And now it was just the two of us, the ones who’d loved Lyonya best.
“That’s all.” Kostia blew out a long breath. “I’m just—I’m not waving you off to war without telling you I love you. ”
I was shivering with cold and something else. My mouth burned. I reached out, tangling my hand in his shirt again, but unable—for the first time in our partnership—to look my shadow in the eye. “I feel it, too,” I heard myself say, so quietly. “Maybe I’ve felt it for a long time. But I’m still . . . mourning my dead.”
All my dead, not just Lyonya. Still fighting my way free.
Kostia’s fingers folded over mine. “So am I.”
He released my hand, took the canoe by its prow, and began towing it back toward shore.
“LYUDMILA!” MRS. ROOSEVELT’S voice suddenly sounded. I looked up as I crossed the lawn toward the big house and realized she was leaning out of a first-floor window. “What on earth happened?”
“Swimming,” I said through chattering teeth, arms crossed across my soaked dress. “Without a bathing costume.” Yuri, tramping along behind, hadn’t offered me his coat. Wasn’t part of his directive.
“It’s far too cold for bathing,” the First Lady scolded, sounding like my mother. “Come here at once. ”

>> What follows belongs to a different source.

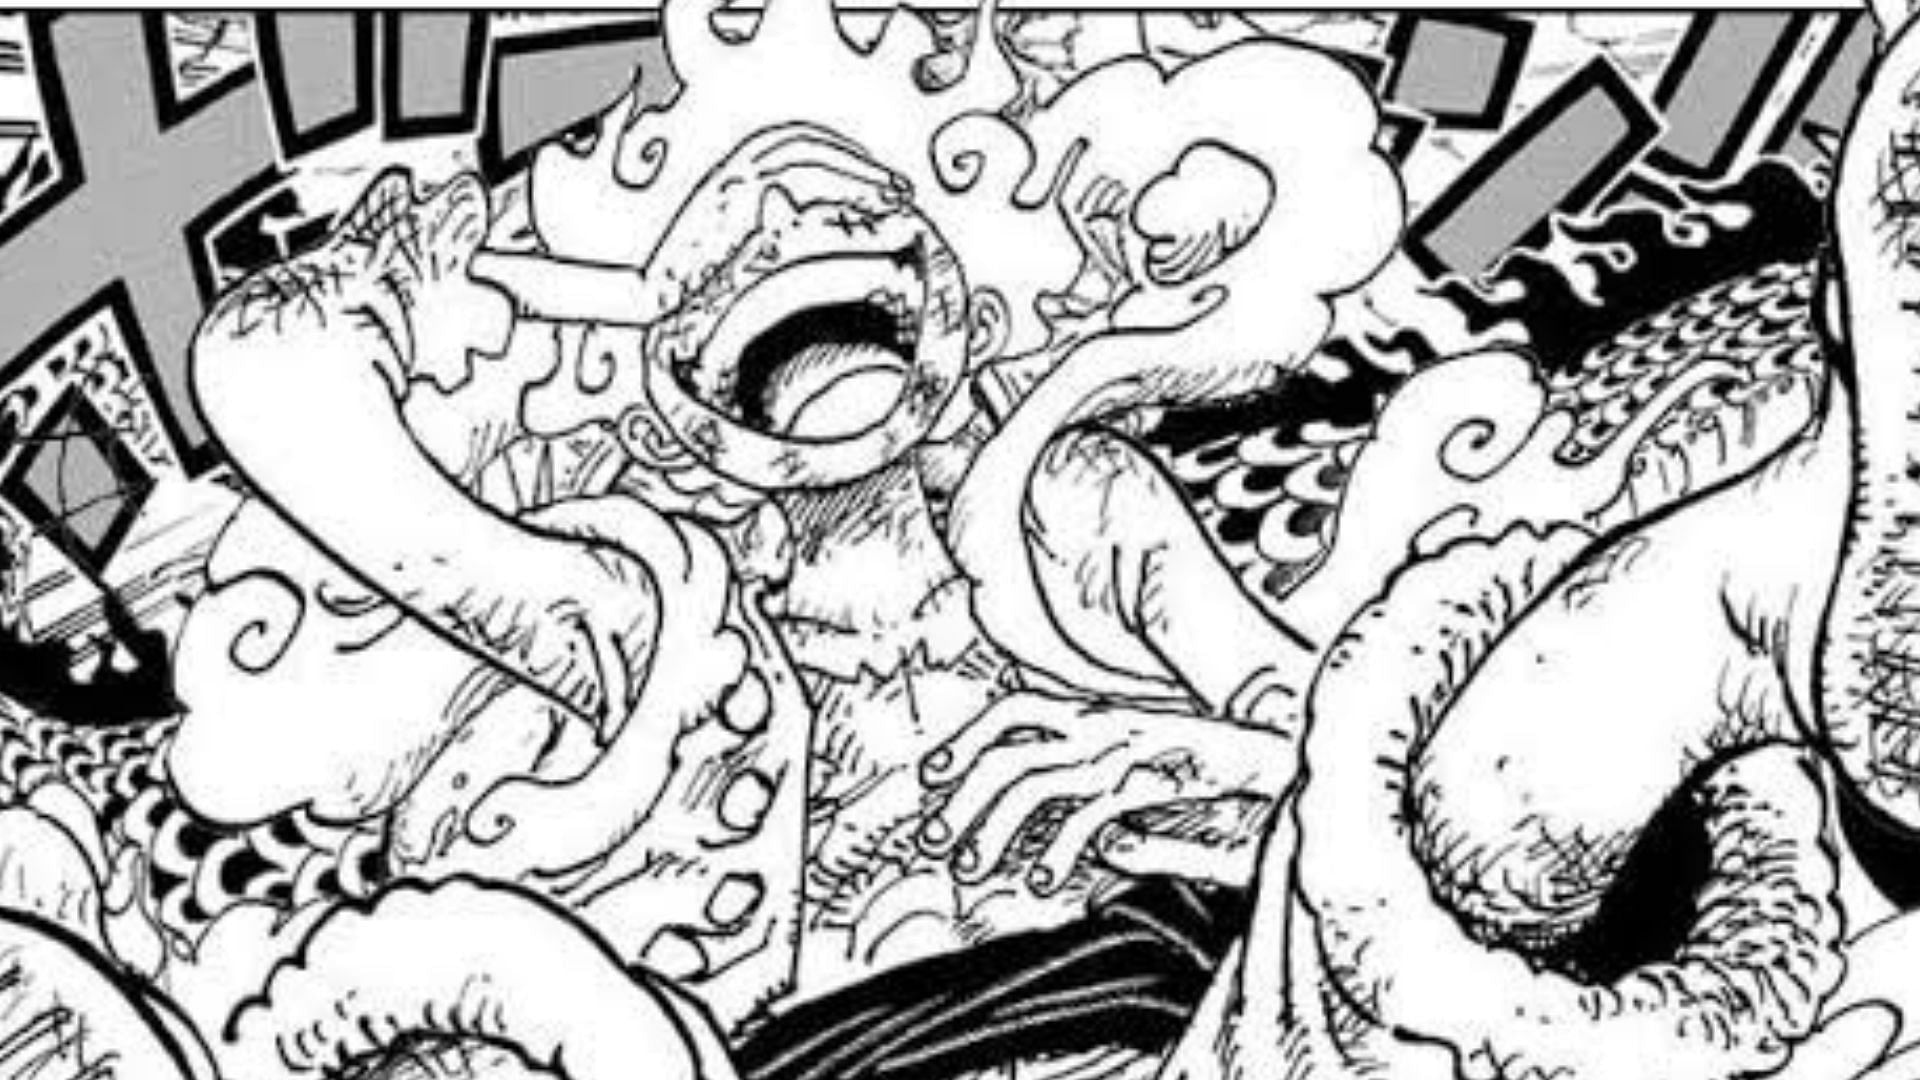 Twitter reacts to One Piece Chapter 1044 raws

I was too numb to resist. I followed the wave of Mrs. Roosevelt’s hand toward the vestibule on the side, where she met me and began clucking. “You may stay outside,” she told Yuri politely but unmistakably, and even he didn’t say a word about his directive to the First Lady as she wafted me into her private quarters. I gave a disjointed explanation about the canoe, hesitating to walk on her exquisite carpets in my soaked shoes, but she shooed me into the attached bathroom and put a big soft towel into my arms. (American towels! I never ceased to marvel at their fluffiness. I was still undecided about hot dogs, but American towels, now . . . ) “Undress here, I’ll be right back.”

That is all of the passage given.